Перед поступлением встретился с Алексеем Борисовичем Любимовым, и он порекомендовал поступать на дирижирование и брать факультатив на клавишных. В итоге я и там, и там. Всё это — случайность. Так же, как работа с Курентзисом — я не ехал к нему сам, ребята порекомендовали.
Дорога к Любимову
— В тебе есть витальность. Все время двигаешься, все время глаза горят. Это природное? Тебе не надо зажигание включать, поворачивать ключик, чтобы быть в тонусе?
— Нет.
— А скучно не бывает никогда?
— Когда мало концертов. Конечно, порой нужно набирать в Finale кучу нот, печатать их, отвечать на письма. Но в целом я не занимаюсь вещами, которые мне не интересны. Даже в консерватории, если мне было не интересно, я получал свою тройку — и спасибо.

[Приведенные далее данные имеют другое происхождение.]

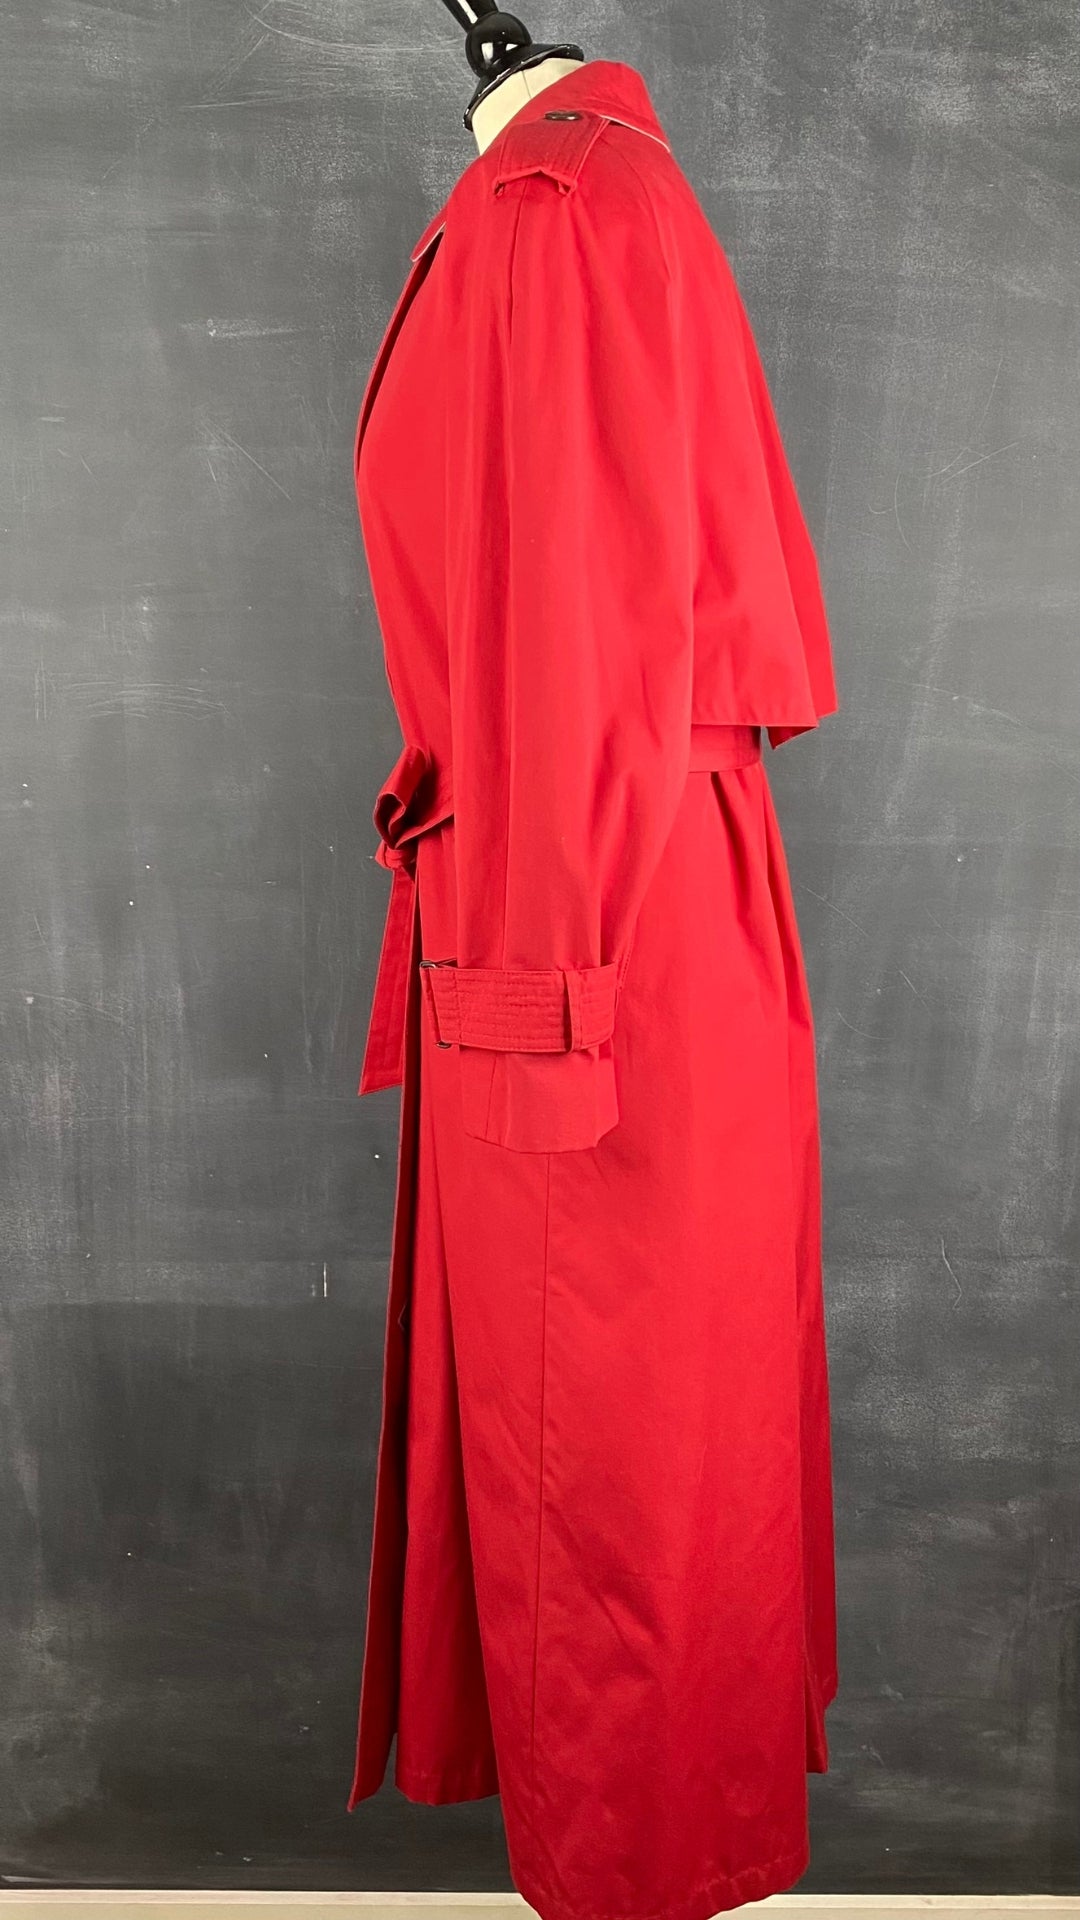 Manteau long vintage style trench rouge, taille small/medium. Vue de côté.

Музыканты самые счастливые люди — у них хобби и работа одно и то же. Нет 8–10-часового рабочего дня в офисе: в дни репетиций ты занят 3–6 часов, концерт длится три часа максимум, а заниматься на инструменте можно и дома. Поэтому, мне кажется, я не могу устать от исполнительства. От перелетов устаю гораздо больше.
— А ты позволяешь себе, например, напиться?
— Бывает, почему нет.
— Есть ли у тебя интересы кроме музыки?
— Наука интересна. Что там с коллайдером происходит. Семью можно считать интересом? Мне кажется, нет. Это отдельная вещь, параллельная всему, что есть. Хотя мне повезло, у нас в семье все музыканты, поэтому интересы тоже общие.
— А люди тебе интересны?
— В основном я общаюсь с музыкантами, и это общение специфическое. Не могу сказать, что специально изучаю людей. Просто разговариваю на любимые темы. Изучаю публику в зале. Изучаю взаимодействие солиста и дирижера в опере.
— В общем, ничего, кроме музыки.
— Естественно, я не буду изучать взаимоотношения водителя маршрутки с пассажиром.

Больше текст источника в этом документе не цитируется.